Kotys war ein bedeutender König der Odrysai, eines thrakischen Stammes (reg. 383/2-360/59 v.u.Z.).
Im 1. Buch der Philippika berichtet Theopomp über Philipp [sc. von Makedonien, Vater Alexanders des Großen] und sagt: „Und am dritten Tag kam er nach Onokarsis, einem Ort in Thrakien, zu dem ein herrlich angelegter Hain gehört, der besonders in sommerlicher Jahreszeit zum Verweilen einlädt.

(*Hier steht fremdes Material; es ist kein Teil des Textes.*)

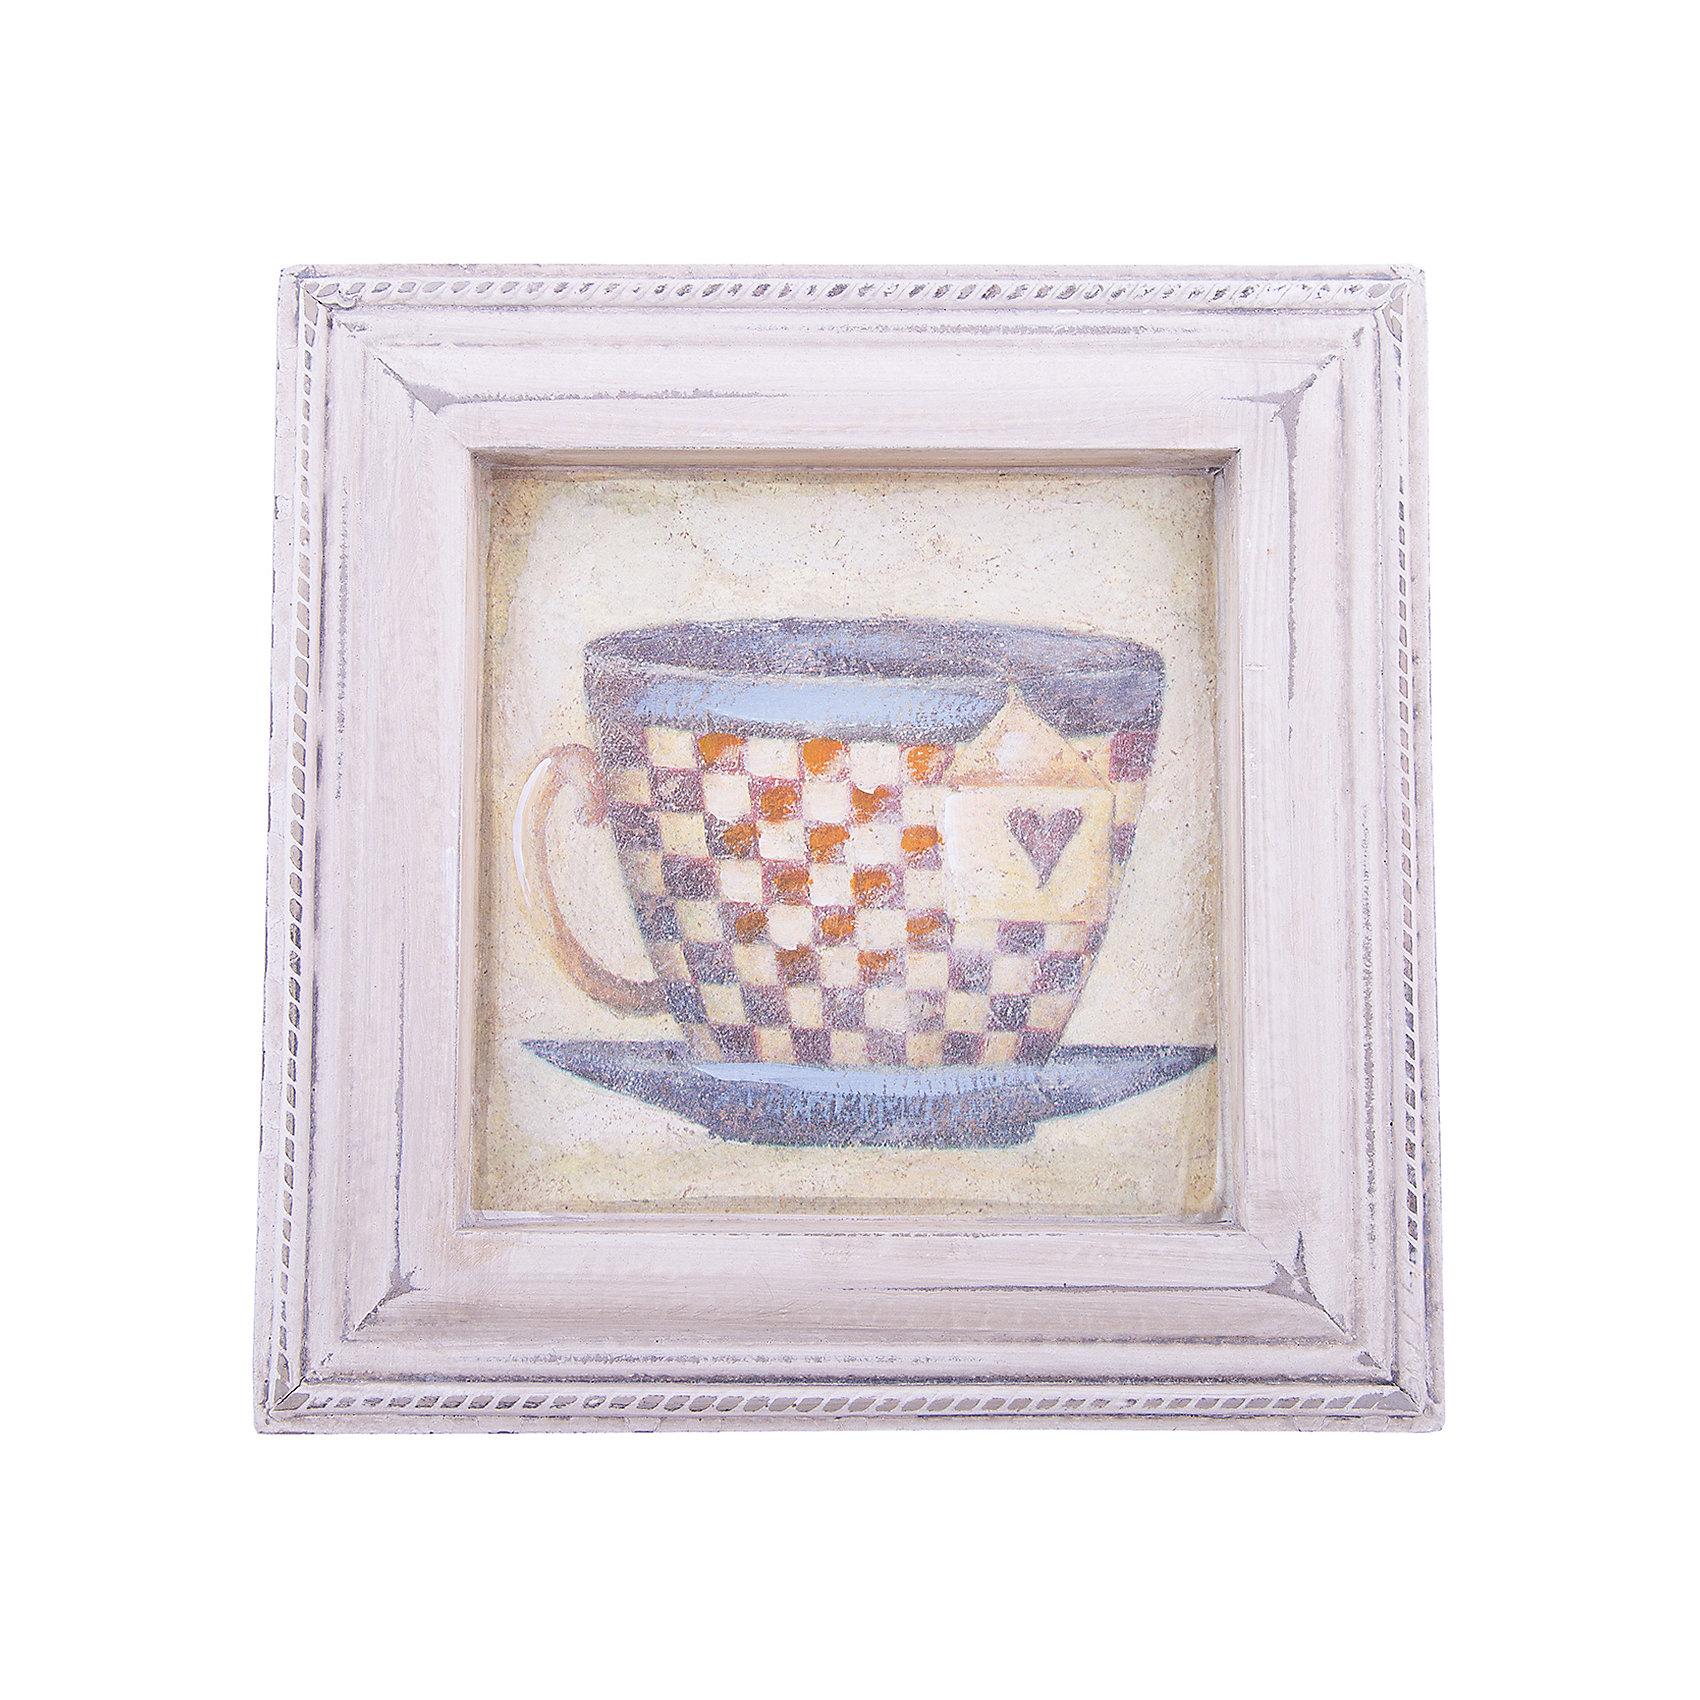 Картина - репродукция Чашка чая, Феникс-ПрезентКартина - репродукция Чашка чая (печать на бумаге с ручной подрисовкой), основа из МДФ, рамка из МДФ.  Картина прекрасно впишется  в любой интерьер, хороший подарок для любого случая.<br><br>Ширина мм: 235<br>Глубина мм: 235<br>Высота мм: 200<br>Вес г: 446<br>Возраст от месяцев: -2147483648<br>Возраст до месяцев: 2147483647<br>Пол: Унисекс<br>Возраст: Детский<br>SKU: 5449570
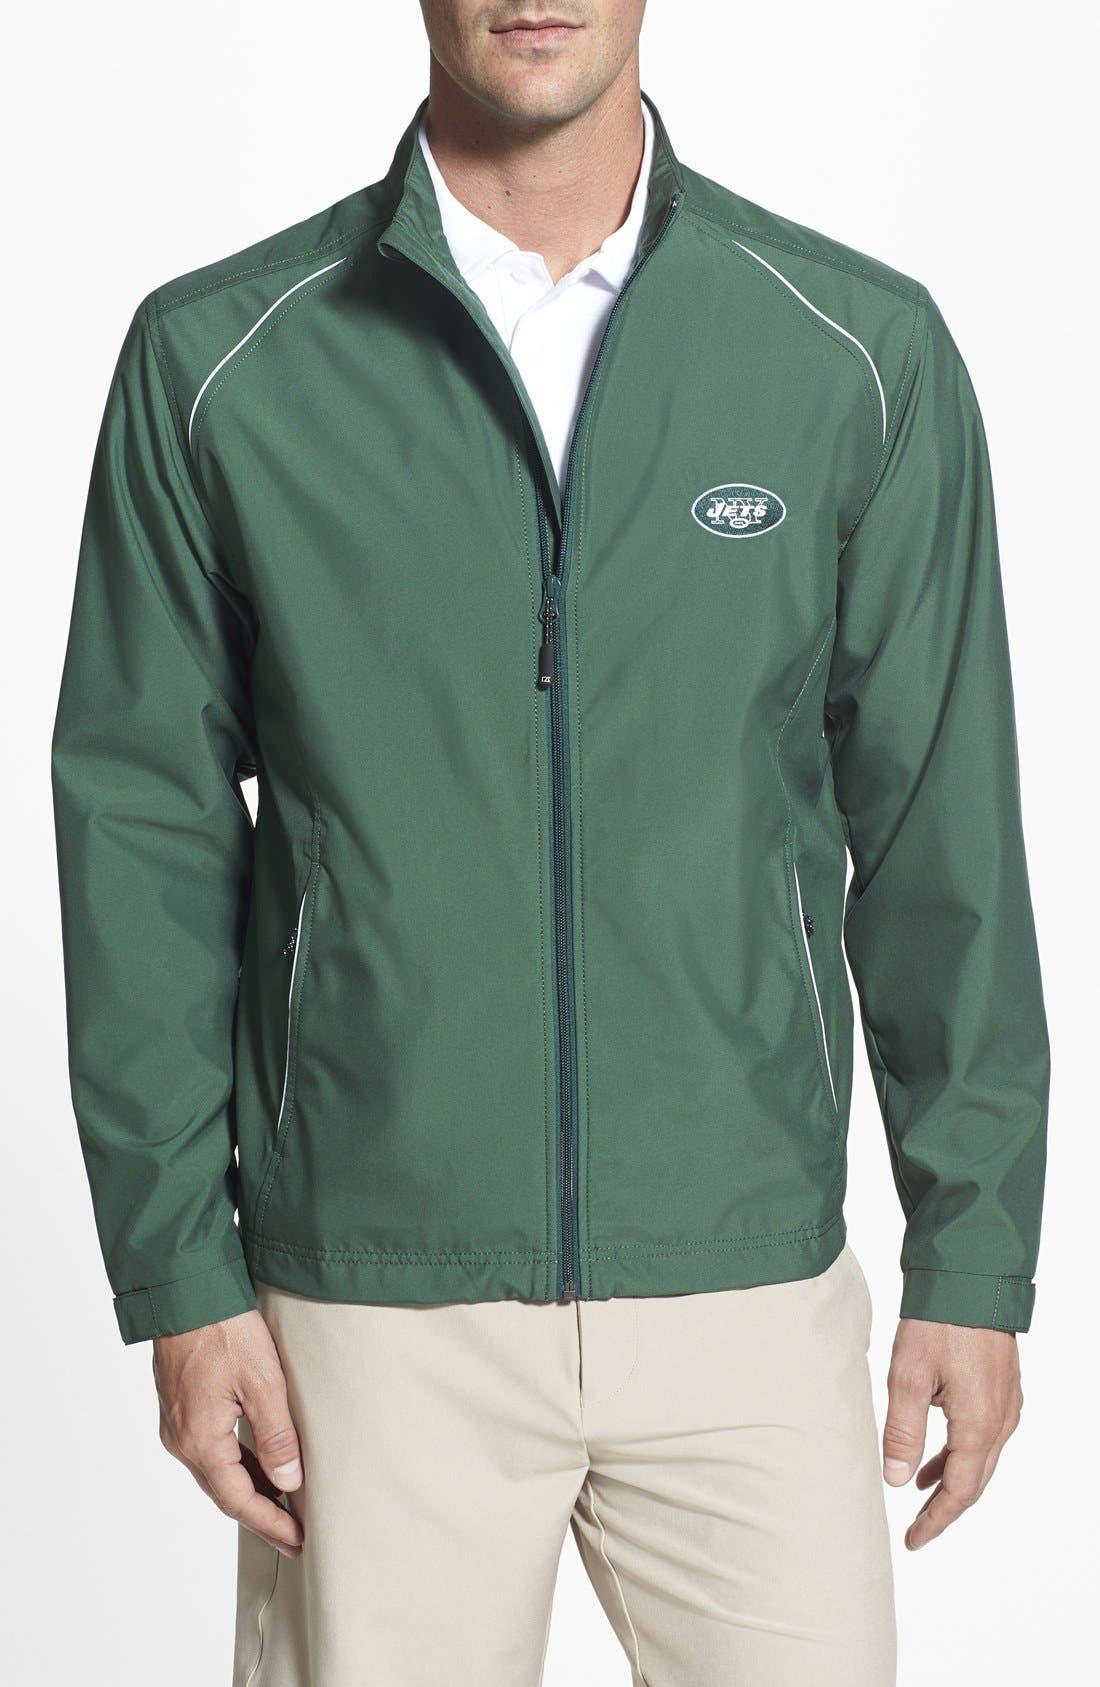 CUTTER & BUCK 'New York Jets - Beacon'

Er zählte nämlich auch zu den bevorzugten Aufenthaltsorten des Kotys [Κότυς], der von allen Königen, die es in Thrakien gegeben hat, am meisten zu Genuss und Luxus neigte; der zog durch das Land und stattete überall, wo er Orte fand, deren Baumbestand Schatten spendete und die von Wasser durchflossen waren, diese als Schauplätze für festliche Gelage aus. Und er besuchte jeden einzelnen von ihnen, wenn es sich ergab, veranstaltete Opfer für die Götter und war mit seinen Offizieren zusammen und lebte glücklich und in Freuden, bis er sich dazu verstieg, Athene zu lästern und zu beleidigen [ἕως εἰς τὴν Ἀθηνᾶν βλασφημεῖν καὶ πλημμελεῖν ἐπχείρησεν].“

Und der Historiker berichtet im Anschluss daran, dass Kotys ein Festmahl ausrichtete, als ob Athene ihm angetraut werde, ein Brautgemach herrichten ließ und in betrunkenem Zustand die Göttin erwartete. Als er dann völlig von Sinnen war, schickte er einen Soldaten der Leibwache, der nachschauen sollte, ob die Göttin schon im Brautgemach eingetroffen sei. Als dieser nun zurückkam und sagte, dass sich niemand im Brautgemach befinde, erschoss er ihn mit seinem Bogen und einen zweiten aus demselben Grund, bis der dritte geistesgegenwärtig behauptete, die Göttin sei schon längst erschienen und erwarte ihn [ἕως ὁ τρίτος συνεὶς παραγενομένην ἔφη πάλαι τὴν θεὸν αὐτὸν ἀναμένειν].

Dieser König hat dann später aus Eifersucht auf seine Frau das arme Geschöpf mit seinen eigenen Händen, bei den Schamteilen beginnend, aufgeschlitzt [ὁ δὲ βασιλεὺς οὗτός ποτε καὶ ζηλοτυπήσας τὴν αὑτοῦ γυναῖκα ταῖς αὑτοῦ χερσὶν ἀνέτεμε τὴν ἄνθρωπον ἀπὸ τῶν αἰδοίων ἀρξάμενος].

(Fragmente der Historiker: Theopomp von Chios. Hrsg. v. Barbara Gauger und Jörg-Dieter Gauger. Stuttgart 2010, S. 64)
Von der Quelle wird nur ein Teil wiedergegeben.